N° RG 23/02833 - N° Portalis DBVJ-V-B7H-NJXD

[B] [R]

c/

SARL CODEME

Nature de la décision : AU FOND

Grosse délivrée le :

aux avocats

Décision déférée à la cour : jugement rendu le 25 avril 2023 par le tribunal judiciaire de BORDEAUX (chambre : 5, RG : 19/09296) suivant déclaration d'appel du 14 juin 2023

APPELANT :

[B] [R]

né le 21 Février 1969 à [Localité 3] (33)

de nationalité Française

[Adresse 2]

Représenté par Me Claire LE BARAZER de la SELARL AUSONE AVOCATS, avocat au barreau de BORDEAUX

et assisté de Me Matthieu BARANDAS de la SELARL GALINAT BARANDAS, avocat au barreau de BORDEAUX

INTIMÉE :

SARL CODEME enseigne 'SOGIMO', immatriculée au RCS de [Localité 3] sous le n° 352 510 929, prise en la personne de son représentant légal domicilié en cette qualité au siège social

[Adresse 1]

Représentée par Me Damien MERCERON, avocat au barreau de BORDEAUX

COMPOSITION DE LA COUR :

L'affaire a été examinée le 09 septembre 2025 en audience publique, devant la cour composée de :

Laurence MICHEL, présidente

Bénédicte LAMARQUE, conseiller

Tatiana PACTEAU, conseiller

Greffier lors des débats : Vincent BRUGERE

En présence de : Anna PEREIRA, attachée de justice de la 1ère chambre civile

Le rapport oral de l'affaire a été fait à l'audience avant les plaidoiries.

ARRÊT :

- contradictoire

- prononcé publiquement par mise à disposition de l'arrêt au greffe de la cour, les parties en ayant été préalablement avisées dans les conditions prévues au deuxième alinéa de l'article 450 du code de procédure civile.

* * *

EXPOSE DU LITIGE ET DE LA PROCÉDURE

1. Le 6 mai 2016, Mme [G] (ci-après le cédant), au nom de la société ACS Diffusion, a confié à la sarl Codeme (ci-après l'agence), pour 24 mois, un mandat simple de vendre son fonds de commerce au prix de 440.000 euros, la rémunération du mandataire étant fixée à 10% du prix du fonds de commerce.
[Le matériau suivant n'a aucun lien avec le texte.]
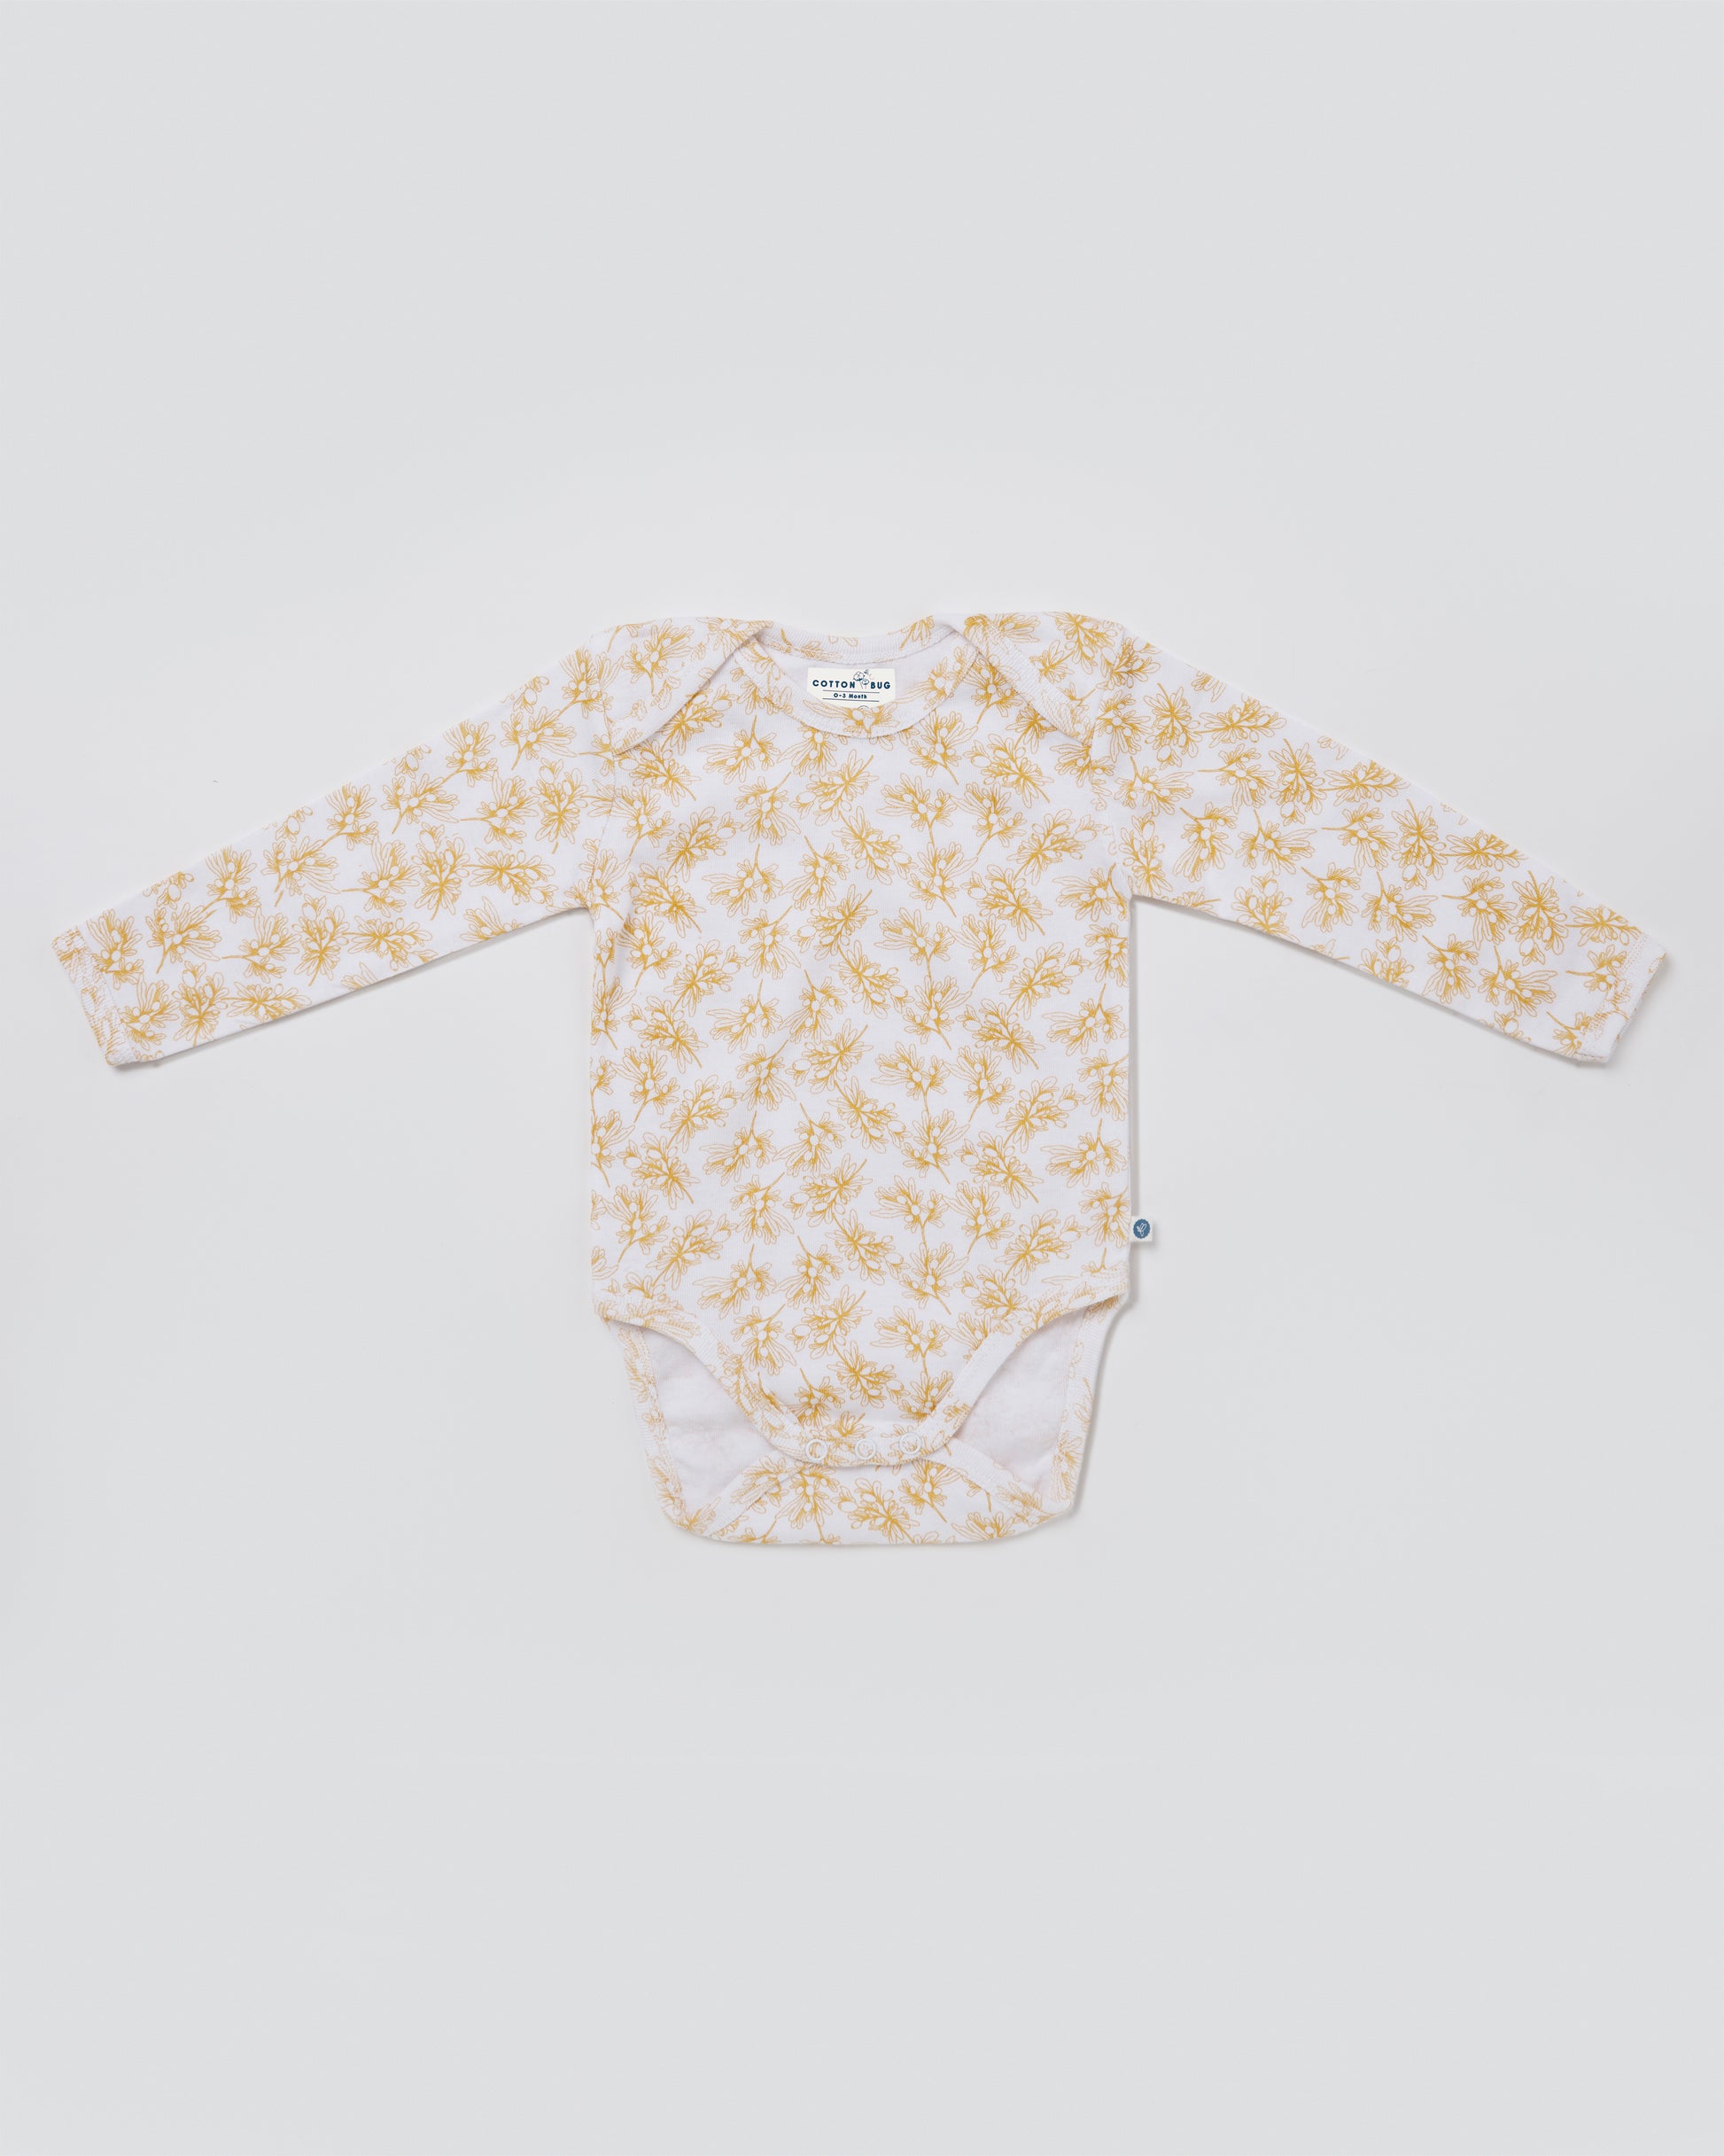 Cotton Baby Printed Bodysuit, Half Sleeves, Size: Small at Rs 52

Le mandat prévoyait également la possibilité d'une cession de 100% des parts sociales de la société ACS Diffusion pour un prix de vente équivalent à celui fixé pour la vente du fonds de commerce, déduction faite des dettes de la Société

Le 29 juin 2017, l'agence a fait visiter le fonds à M. [R] (ci-après le cessionnaire) et M. [T], lesquels avaient envisagé un projet d'association.

Le 7 octobre 2017, Mme [G], en son nom et en représentation de l'ensemble de ses co-associés, et le cessionnaire ont signé un acte de cession de l'intégralité des parts sociales de la société ACS Diffusion au prix de 74.730 euros.

Le 9 octobre 2017, les mêmes ont conclu un acte reprenant la cession de parts sociales, la cession des comptes courants ainsi que la garantie de passif au prix de 90.000 euros.

Le 18 avril 2019, par courrier recommandé, le conseil de l'agence a mis en demeure le cessionnaire de régler la commission en se fondant sur le projet de cession des parts du 25 juillet 2017.

2. Par exploit d'huissier en date du 8 octobre 2019, l'agence a assigné en indemnisation le cessionnaire sur le fondement d'une faute délictuelle.

Par exploit d'huissier en date du 3 mars 2022, l'agence a mis en cause le cédant afin de le voir condamné au paiement de la somme de 44.000 euros TTC, portant intérêt capitalisé à compter de la première mise en demeure.

Les deux procédures ont été jointes.

Par jugement du 25 avril 2023, le tribunal judiciaire de Bordeaux a :

- condamné M. [R] au paiement de la sarl Codeme de la somme de 14.750 euros, portant intérêt au taux légal à compter du 18 avril 2019,

- dit que les intérêts seront capitalisés selon les dispositions de l'article L1343-2 du code civil,

- condamné M. [R] aux dépens de l'instance engagée contre lui par la sarl Codeme,

- condamné la sarl Codeme aux dépens de l'instance engagée contre Mme [G],

- condamné M. [R] au paiement de 2.000 euros à la sarl Codeme au titre de l'article 700 du code de procédure civile,

- condamné la sarl Codeme à payer 2.000 euros à Mme [G] au titre de l'article 700 du code de procédure civile,

- débouté les parties de leurs plus amples chefs de demandes,

- rejeté l'exécution provisoire.

3. Par déclaration électronique en date du 14 juin 2023, M. [R] a interjeté appel du jugement du tribunal judiciaire de Bordeaux du 25 avril 2023 en ce qu'il a :

- condamné M. [R] au paiement de la sarl Codeme de la somme de 14.750 euros, portant intérêt au taux légal à compter du 18 avril 2019,

- dit que les intérêts seront capitalisés selon les dispositions de l'article L1343-2 du code civil,

- condamné M. [R] aux dépens de l'instance engagée contre lui par la sarl Codeme,

- condamné M. [R] au paiement de 2.000 euros à la sarl Codeme au titre de l'article 700 du code de procédure civile,.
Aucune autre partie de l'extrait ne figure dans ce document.